Retail of the future

Combining IoT technologies with edge solutions will transform the world of retail. New ways of interacting with consumers are emerging, not to mention means of streamlining retail processes.

Together, the Internet of Things (IoT) and Artificial Intelligence (AI) form the technological backbone of the future of retail. Only appropriately digitalised and interconnected stores will be able to offer customers an ideal shopping experience. And make their processes as efficient as can be.

“In terms of the development of smart stores, the retail sector is currently undergoing a conceptual and setup phase. And is actively seeking out solutions for appealing to customers with personalised offerings and for reinventing retail processes with AI and IoT,” explains Xenia Giese, Industry Solution Executive Retail & Consumer Goods at Microsoft Germany.

According to a joint study conducted by consulting firm BearingPoint and the IIHD Institut, this is accompanied by a relocation of information processing from the back end to the front end. After all, edge solutions have the advantage of being able to depend on the required computing resources being available. But, not only that. They also enable extremely fast response times with their low latency. Data are processed wherever the consumers themselves are before any decisions or actions are initiated. This is reflected in a considerably higher response speed.

A personalised experience

Personalised offerings and product recommendations are an established means of customer communication in online retail, yet these methods have previously been off-limits to stationary retail, due in no small part to a lack of solutions for identifying individual customers. Yet this is now possible with IoT and edge solutions. To name one example, customers visiting the German branch of BASF Wein are presented with an individualised assortment of products on a digital shelf, all of which are tailored to the tastes and preferences saved to their customer profile. Important consumer data can be recorded, while product ranges can be better coordinated with one another.

Originally founded in 1901 exclusively for the company’s own employees. The wine retailer now delivers around 700,000 bottles annually to over 40,000 customers in more than 50 countries.
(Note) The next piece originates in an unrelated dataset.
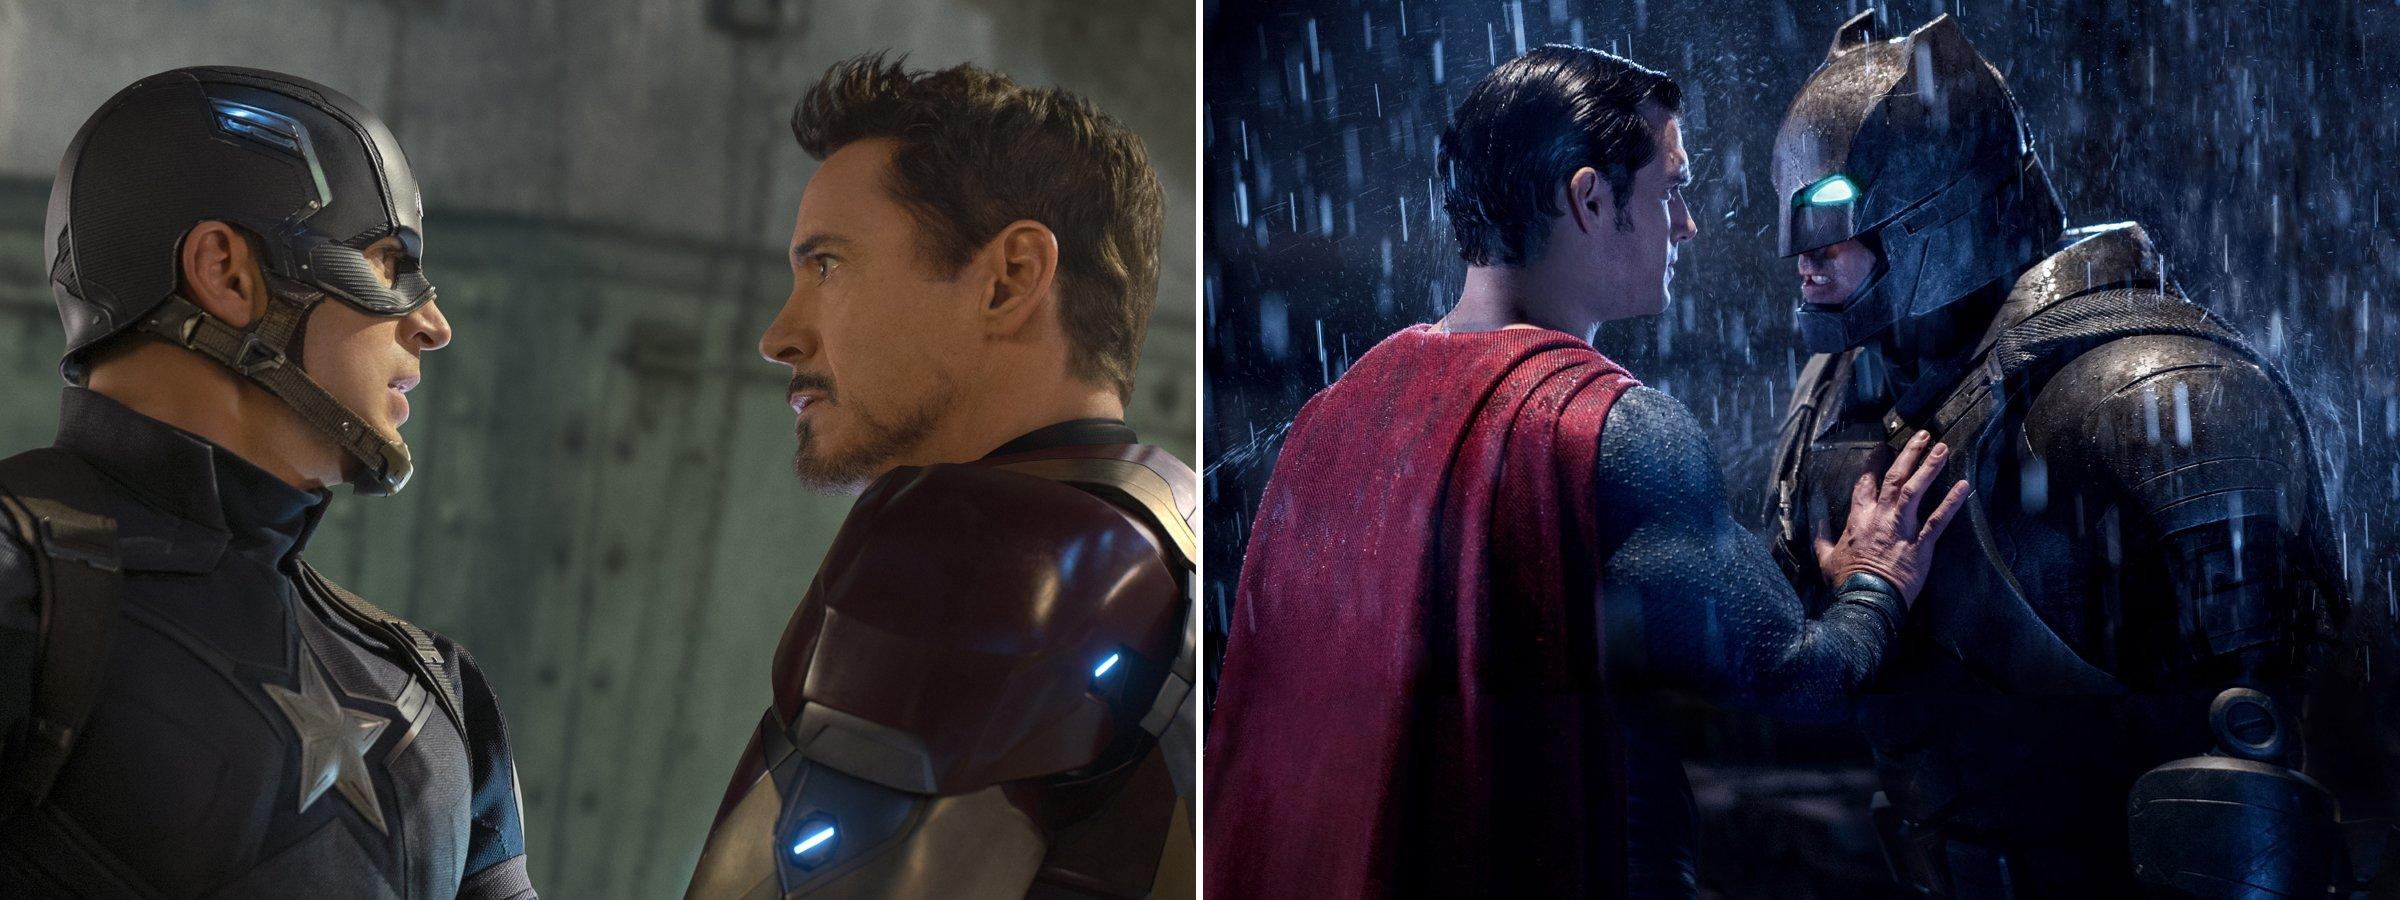 captain-america-civil-war-batman-v-superman

The flagship H&M store on Times Square in New York hosts another example of an improved customer experience. What the company claims is the world’s first voice-controlled, interactive mirror. It does not interact through touch input, but rather using vocal and facial recognition. Customers can generate mirror-cover selfies for “My H&M Cover” and also get fashion inspiration. After scanning a QR code, the mirror suggests outfits to the customer that can be purchased immediately. What is more, personalised discounts are awarded during “mirror shopping”. The mirror’s selfie function has been greeted with enthusiasm by customers. Because, 86 per cent of customers scan the QR code to download the cover. While 10 per cent of them subscribe to the H&M newsletter afterwards.

Paying without queuing

Paying is personnel-intensive, with waiting times making the process a frequent gripe among customers. The “Seamless Checkout” provides a solution. In this case, customers identify themselves with a customer card or app before making purchases or even entering the premises. After this, they can simply remove the products they want from the shelves. And pay for them automatically through their customer account when they leave. However, this requires the smart store to know which products are in the basket.

Congatec is a leading provider of industrial computer modules. It has worked with camera manufacturer Basler to come up with an answer to this conundrum. The deep-learning application shows how the retail check-out process can be made far simpler with vision technologies. In this case, all the customer would need to do is put the products in the basket. The trained neural network subsequently detects those products via a video stream – in the same way that facial recognition works. Finally, the total to be paid for the purchases is displayed. A so-called SMARC module underpins the system. This is a specification of the Standardization Group for Embedded Technologies for “computer-on-modules”. SMARC computer-on-modules are specifically designed for the development of extremely compact low-power systems.

Autonomous outlets of retail

California-based AiFi goes one step further with its autonomous or unmanned outlets.

A huge amount of technology is concealed under one microscopic roof in AiFi’s NanoStore. Cameras with embedded systems communicate with a central node and “share” with it the products that customers have added to their baskets. When leaving the shop, all customers need to do is pull out their credit card or enter details into an app. Confirm the items that they want to purchase and leave with a receipt – and their purchases – in their hands.

The basis of this flexible-use shop system is a standard container that can be easily expanded to include additional modules. In the shop, customers are guided through the purchasing process by artificial intelligence, which involves tracking visitors, stock levels and purchasing behaviour with machine-vision technologies. The results give employees an idea of what is working well – and what is not – in real time. Upon entering the “smart” shop, customers can identify themselves using an app or a credit card before putting their shopping in a basket as they normally would. This identification process means that they no longer have to wait in a queue; the system analyses the shopping in the basket using Seamless Checkout when customers leave the store and only charges for what is actually in there.

The digitalisation of retail is leading to a realignment of central retail processes such as product-range and stock management, store design, store operations and also customer communication. Kay Manke, a partner in BearingPoint, has the following to say: “Two of the main hurdles in the implementation of IoT are the scalability of IT infrastructures and the necessity of higher investment. Nonetheless, commercial enterprises should already be doing the groundwork that will enable them to realise the full potential of IoT.”